Can We Predict a Song’s Genre from its Lyrics? - Part 1
Implementing a Simple Naive Bayes in Python
Have you ever wondered if different music genres use certain words more often than others? Do country songs talk about dirt roads and beer more often than rock songs? Do rap songs swear more often than jazz? If you’re like Alex and I, these questions keep you up at night. We built a corpus and did the analysis so you don’t have to. Along the way, we learned more about ourselves than we originally intentioned (and certainly less about lyrics, the project wasn’t that successful).
Our approach was to build a corpus of songs with genres and lyrics, then implement naive bayes and k-nearest neighbors for prediction.
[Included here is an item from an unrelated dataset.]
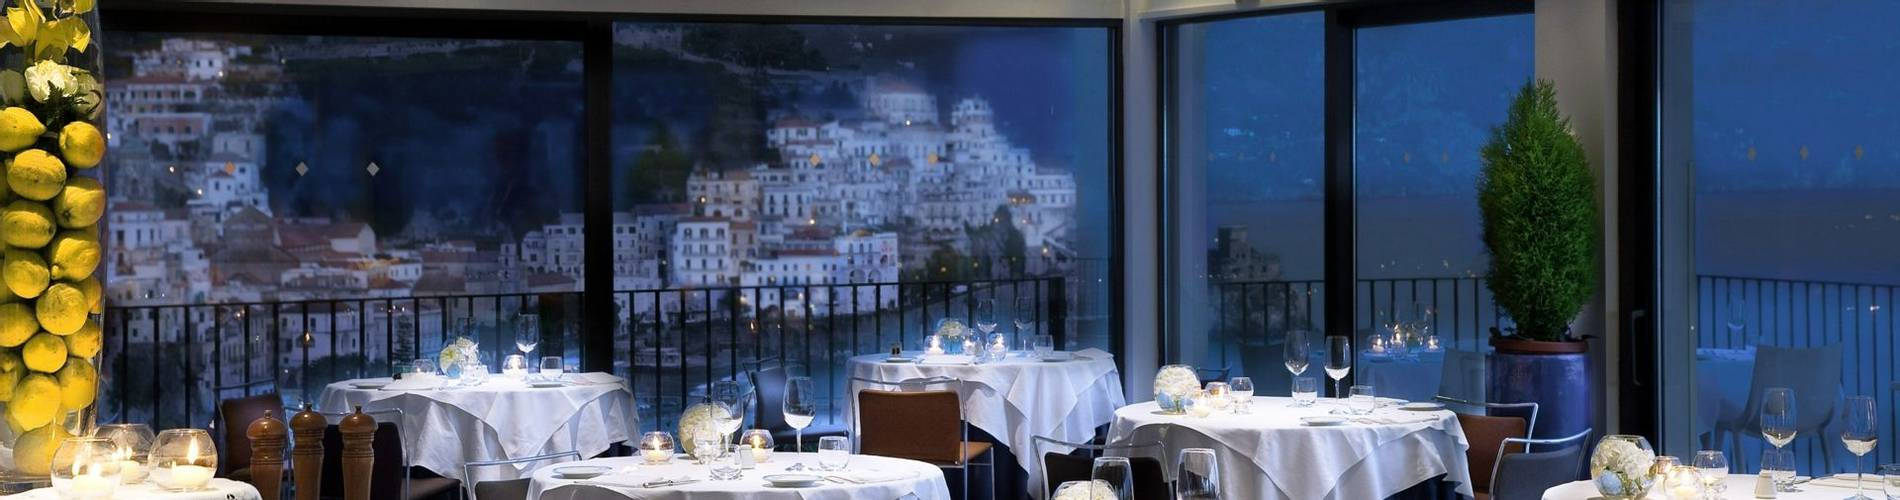 Miramalfi, Amalfi Coast, Italy (25).jpg

This blog post details our naive bayes implementation and the accompanying code. At this point, we had already built a corpus and saved it in a database, so the next step was to train the model and predict new songs.
A quick note: the full code can be viewed here.
Constructor class
Nothing too exciting here with the constructor class. In this case, X_train_data
is a list of songs lyrics with each item being a song. Y_train_data
is an accompanying list of genres that correspond to each song. The data has already been divided into train
and test
buckets in this case. You can see that our 4 categories are Easy Listening, Rap, Country, and Post-1980s rock. The word_counts
dict has a dict for each genre, wherein the inner dict keep tracks of each word used within that genre. The priors
dict simply measures what portion of our training data is in each category.
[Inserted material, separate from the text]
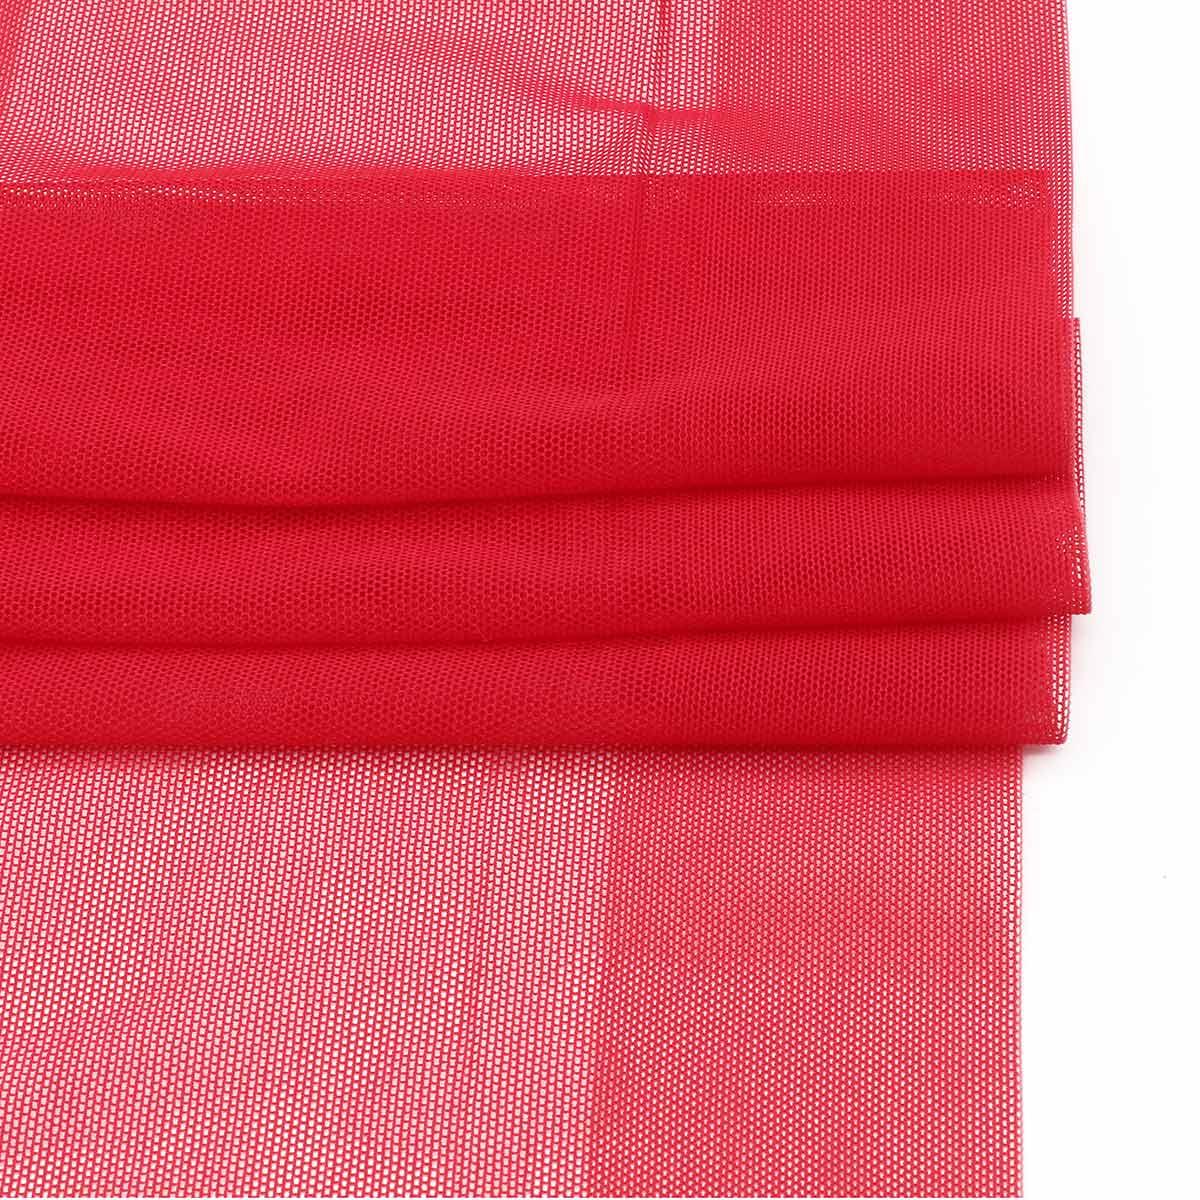 SU 56 Ткань эластичная бельевая 13,5 см*10

def __init__(self, X_train_data, Y_train_data, X_test_data, Y_test_data):
self.X_train_data = X_train_data
self.Y_train_data = Y_train_data
self.X_test_data = X_test_data
self.Y_test_data = Y_test_data
self.vocab = {}
self.word_counts = {
"Easy": {},
"Rap": {},
"Country": {},
"Post-1980s Rock": {}
}
self.priors = {
"Easy": 0.,
"Rap": 0.,
"Country": 0.,
"Post-1980s Rock": 0.
}
Auxiliary functions - tokenize, stem and count
To start off, we needed to define a few auxiliary functions to help us out with tokenizing, stemming and counting. To help speed up this process, we imported the nltk
library which helps us accomplish most of these basic tasks. nltk
is a very powerful library and something I discussed before, so check it out. nltk
has a built-in library for NaiveBayes, but there’s nothing like building it yourself.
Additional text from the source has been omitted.